▸ Provided material:
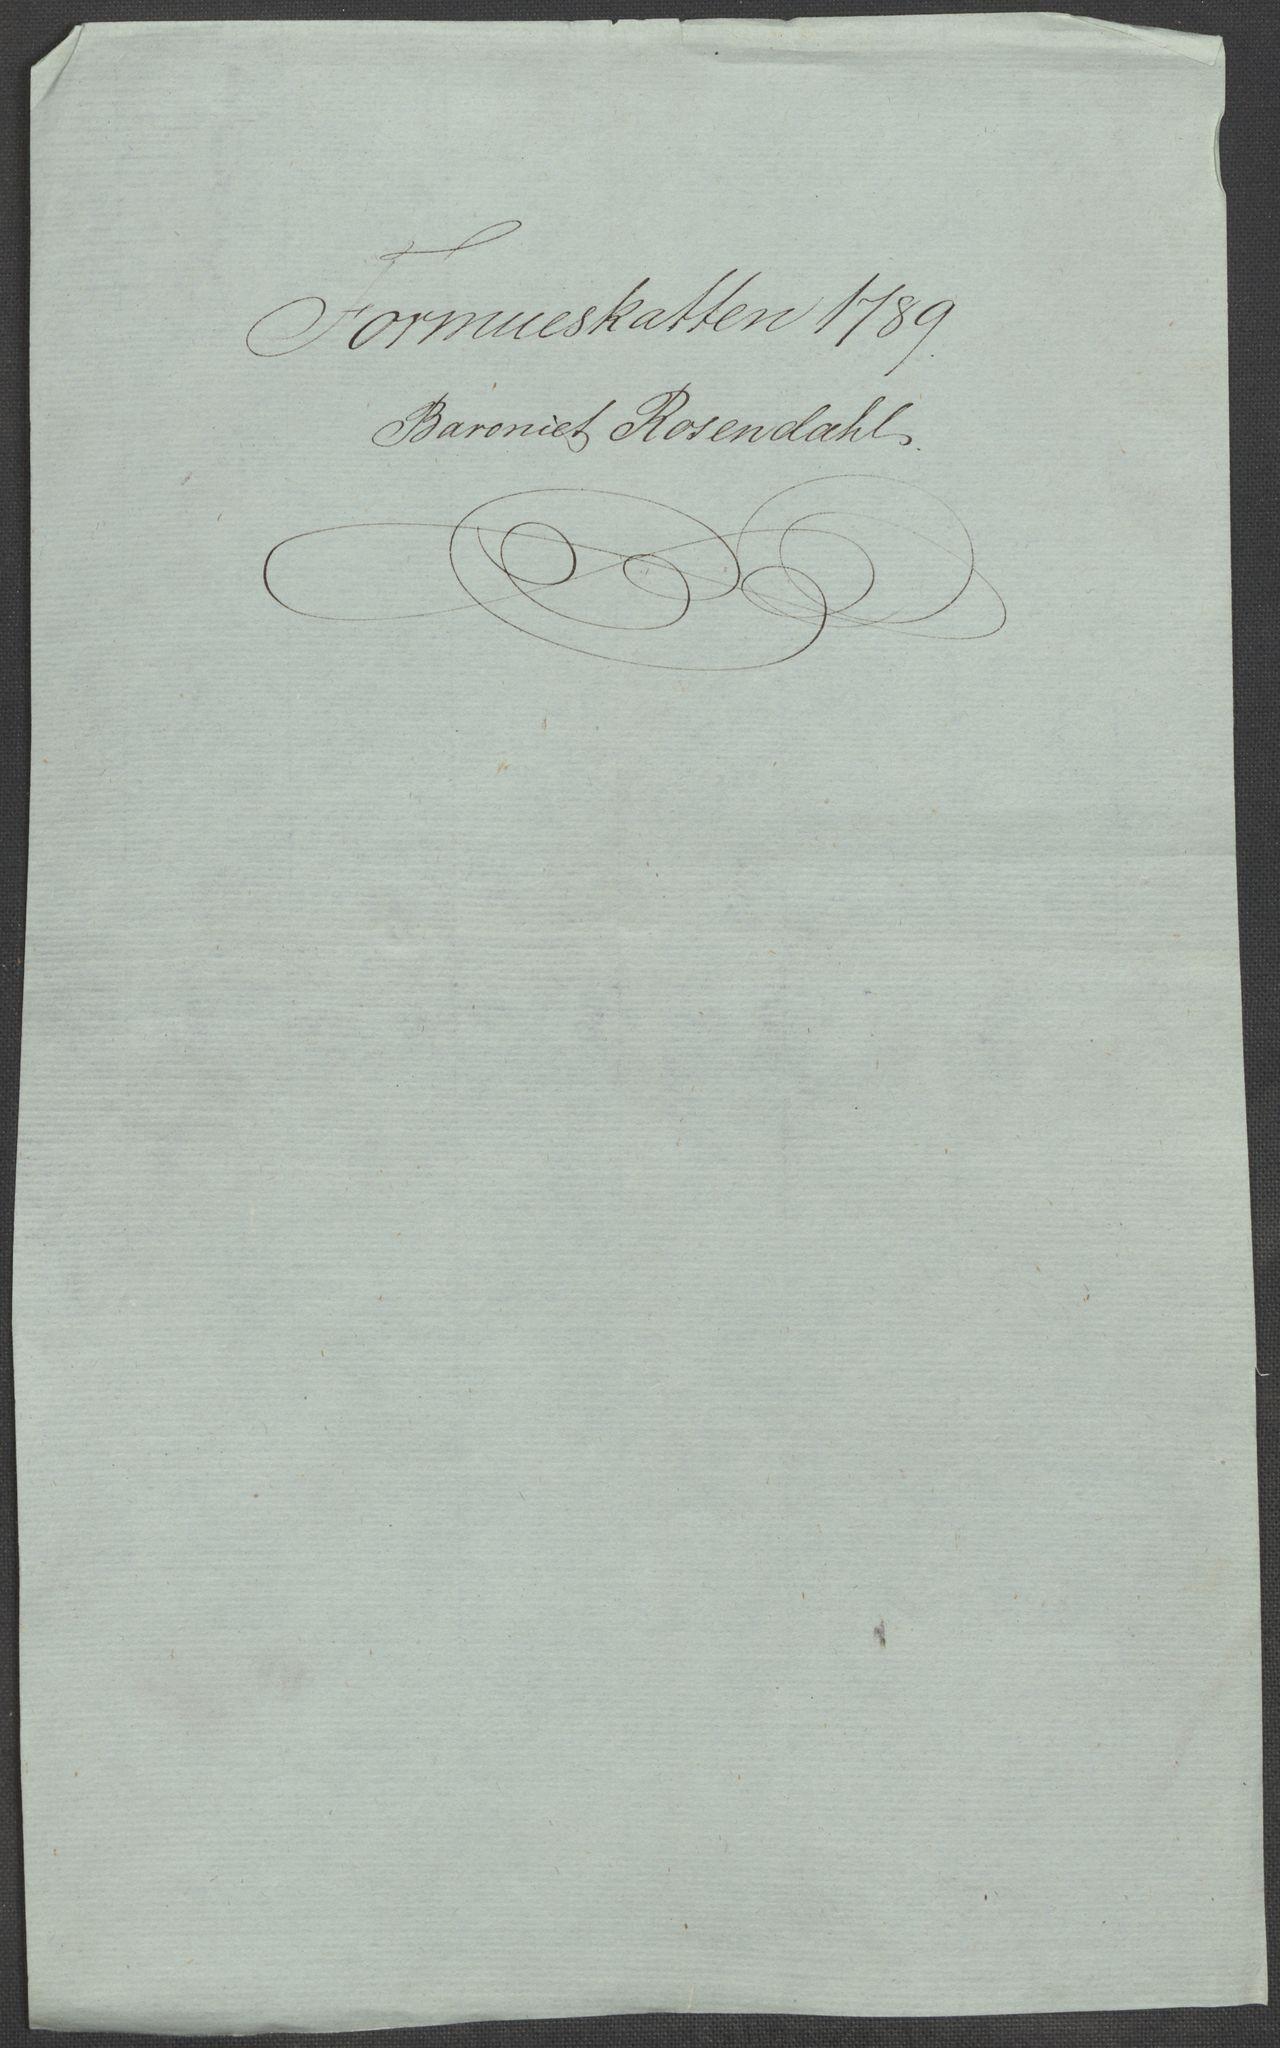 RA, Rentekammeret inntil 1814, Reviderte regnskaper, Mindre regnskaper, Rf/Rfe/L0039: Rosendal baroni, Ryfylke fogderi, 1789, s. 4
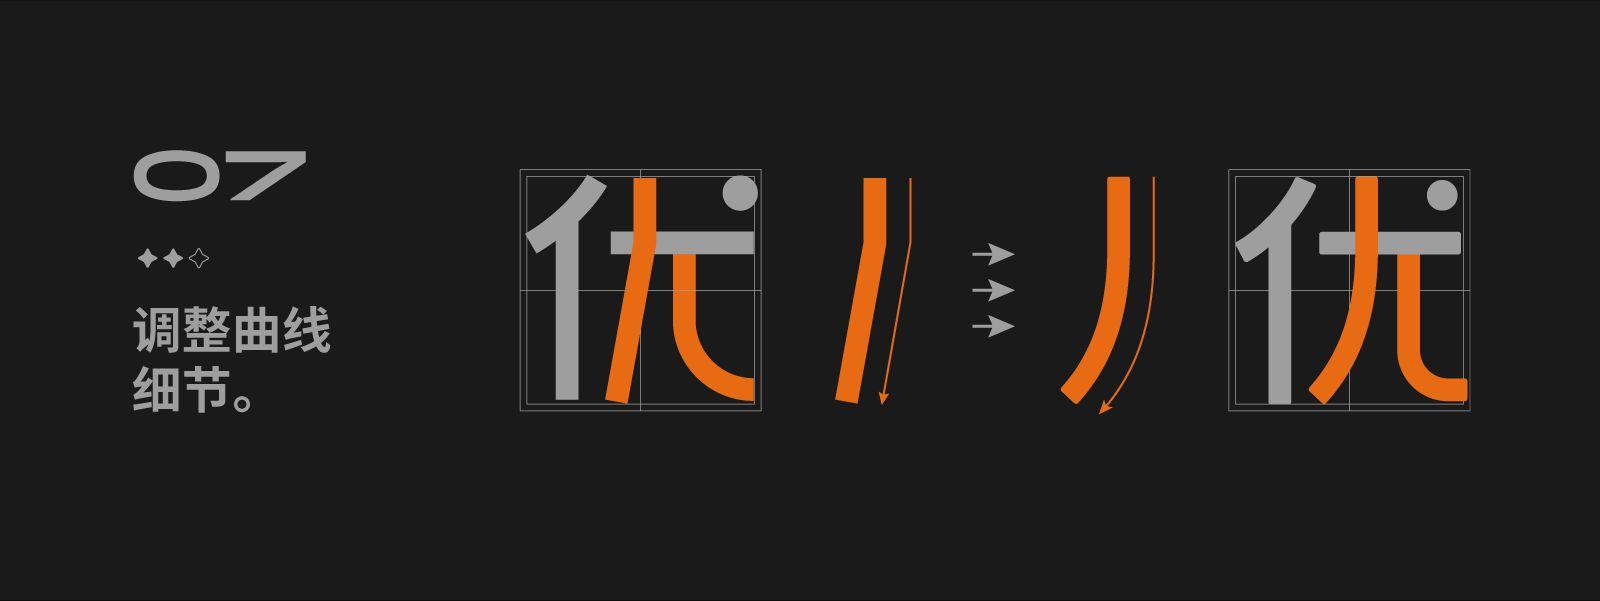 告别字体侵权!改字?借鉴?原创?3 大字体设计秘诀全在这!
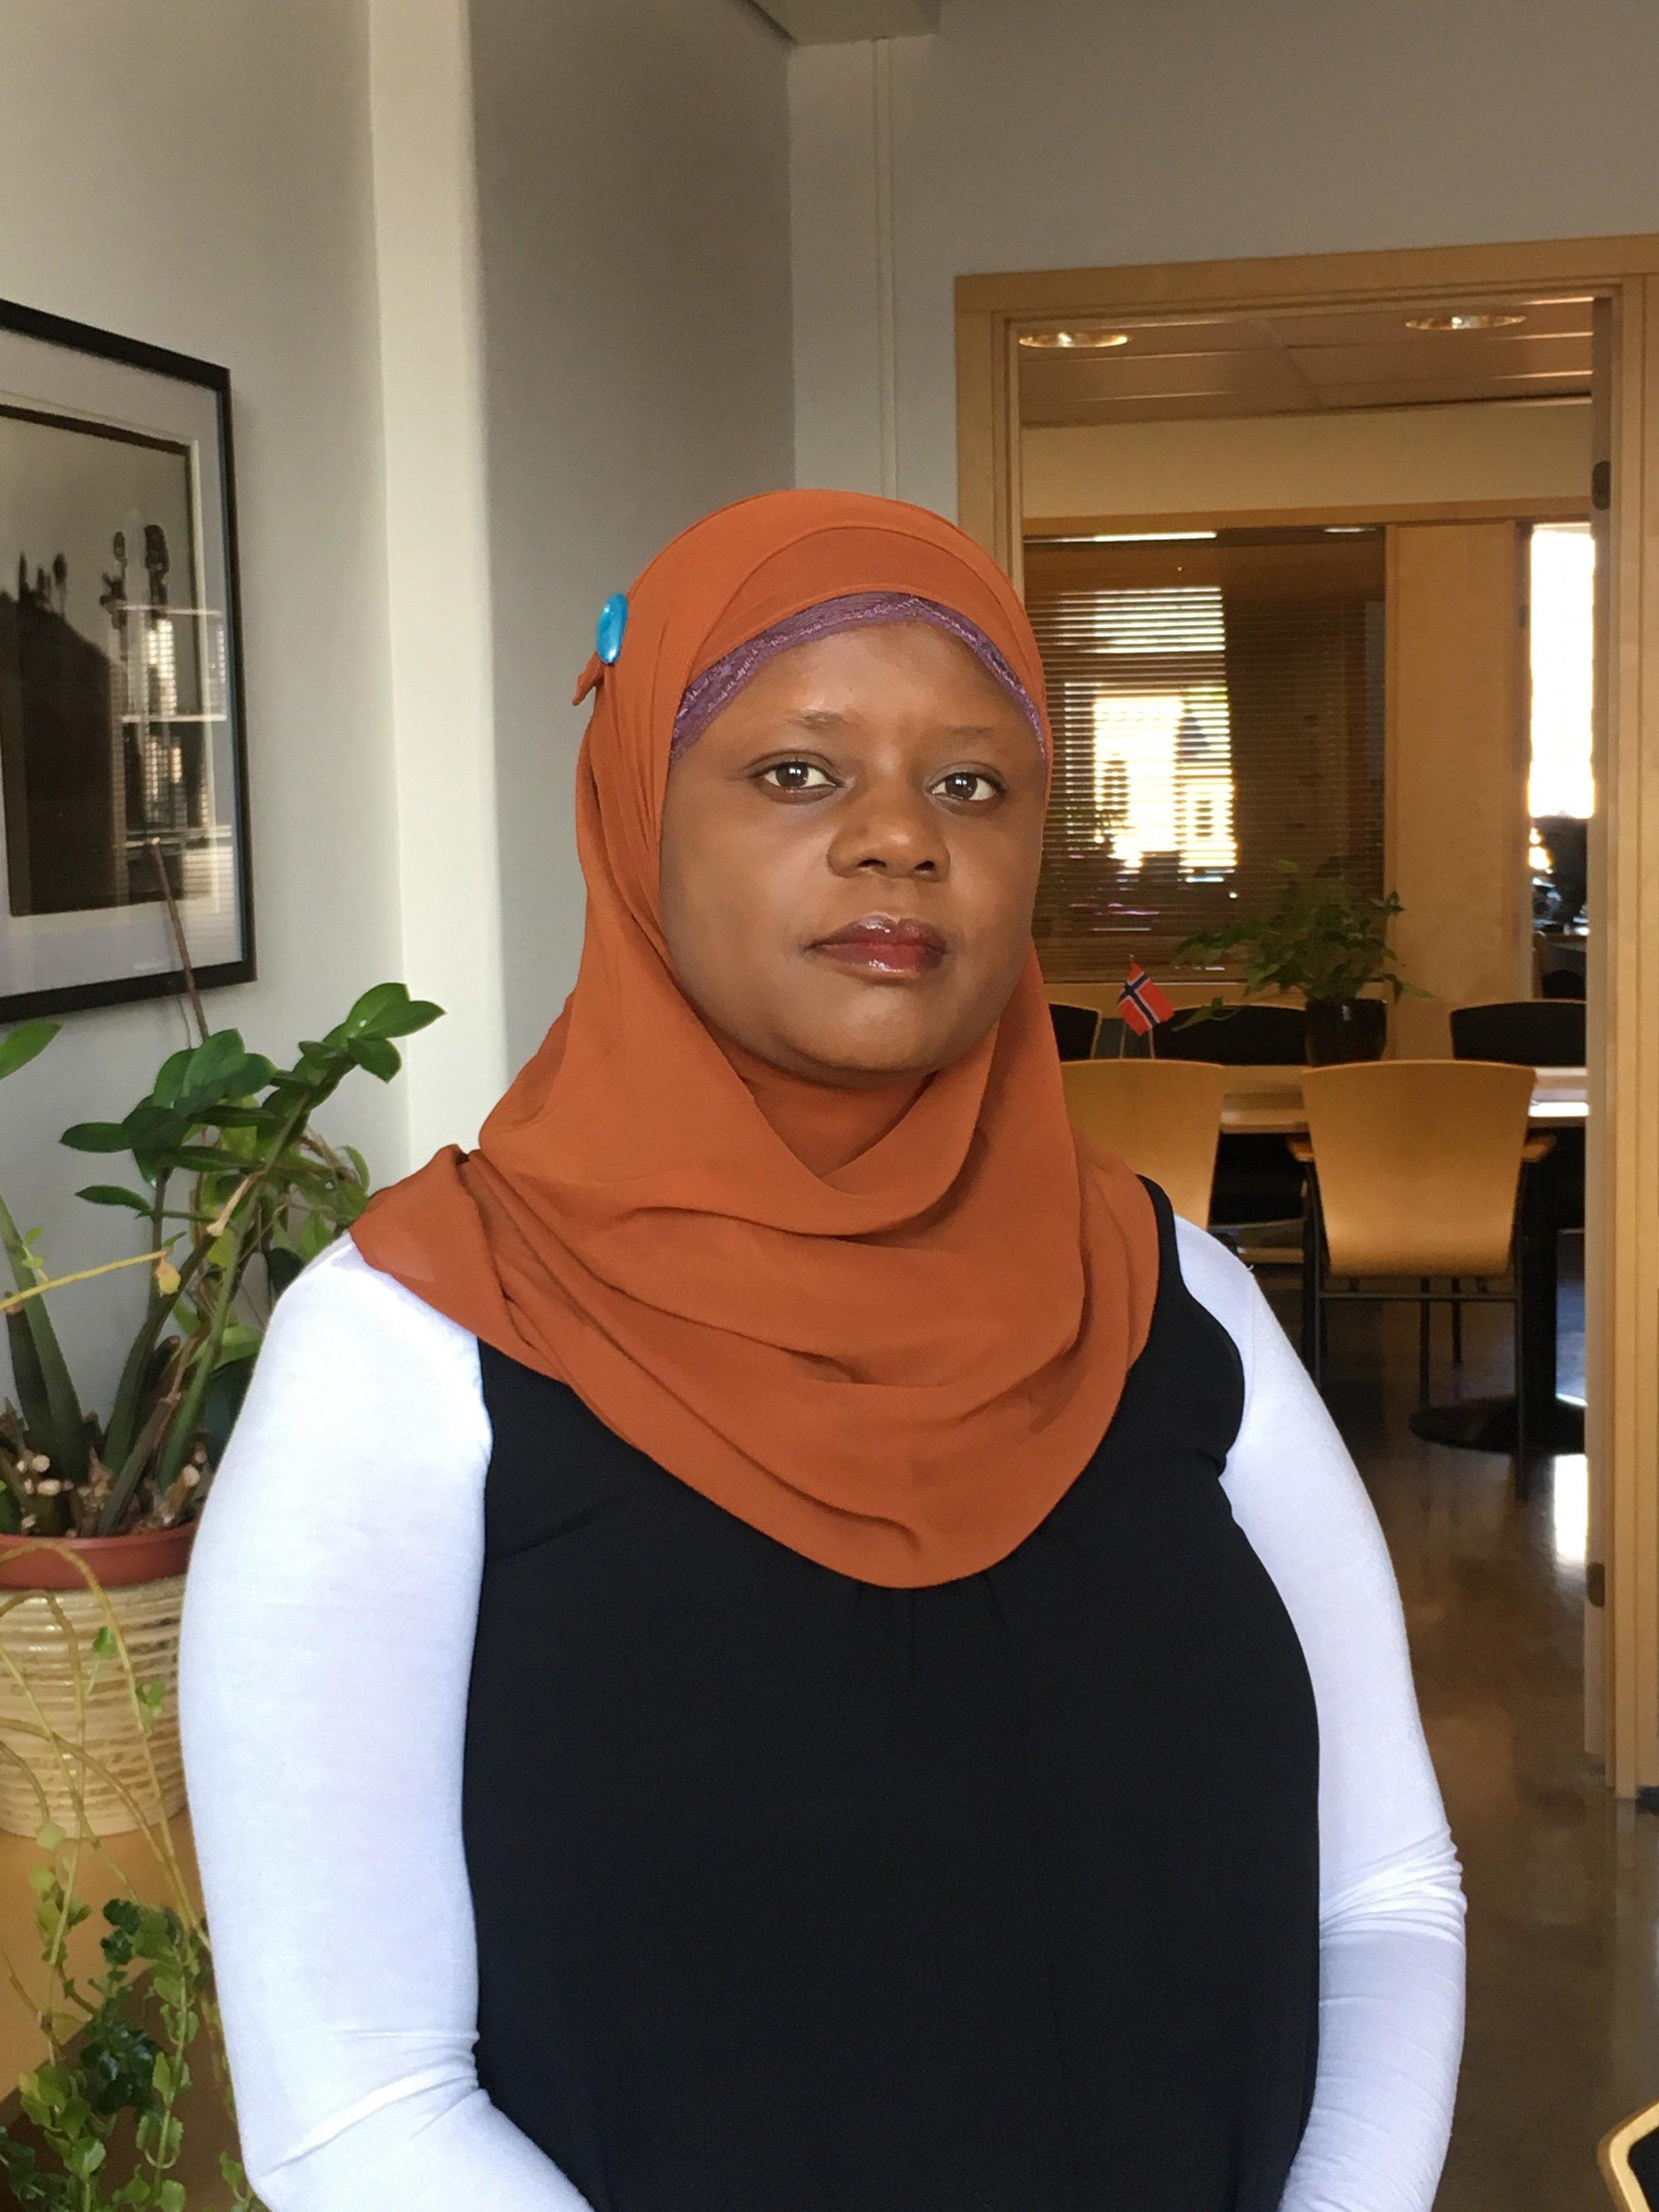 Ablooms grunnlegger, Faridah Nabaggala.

▸ What this task involves: All of the material above goes into the copy exactly as is; the pictures do not.

▸ Problem solution:
 RA, Rentekammeret inntil 1814, Reviderte regnskaper, Mindre regnskaper, Rf/Rfe/L0039: Rosendal baroni, Ryfylke fogderi, 1789, s. 4
 告别字体侵权!改字?借鉴?原创?3 大字体设计秘诀全在这!
 Ablooms grunnlegger, Faridah Nabaggala.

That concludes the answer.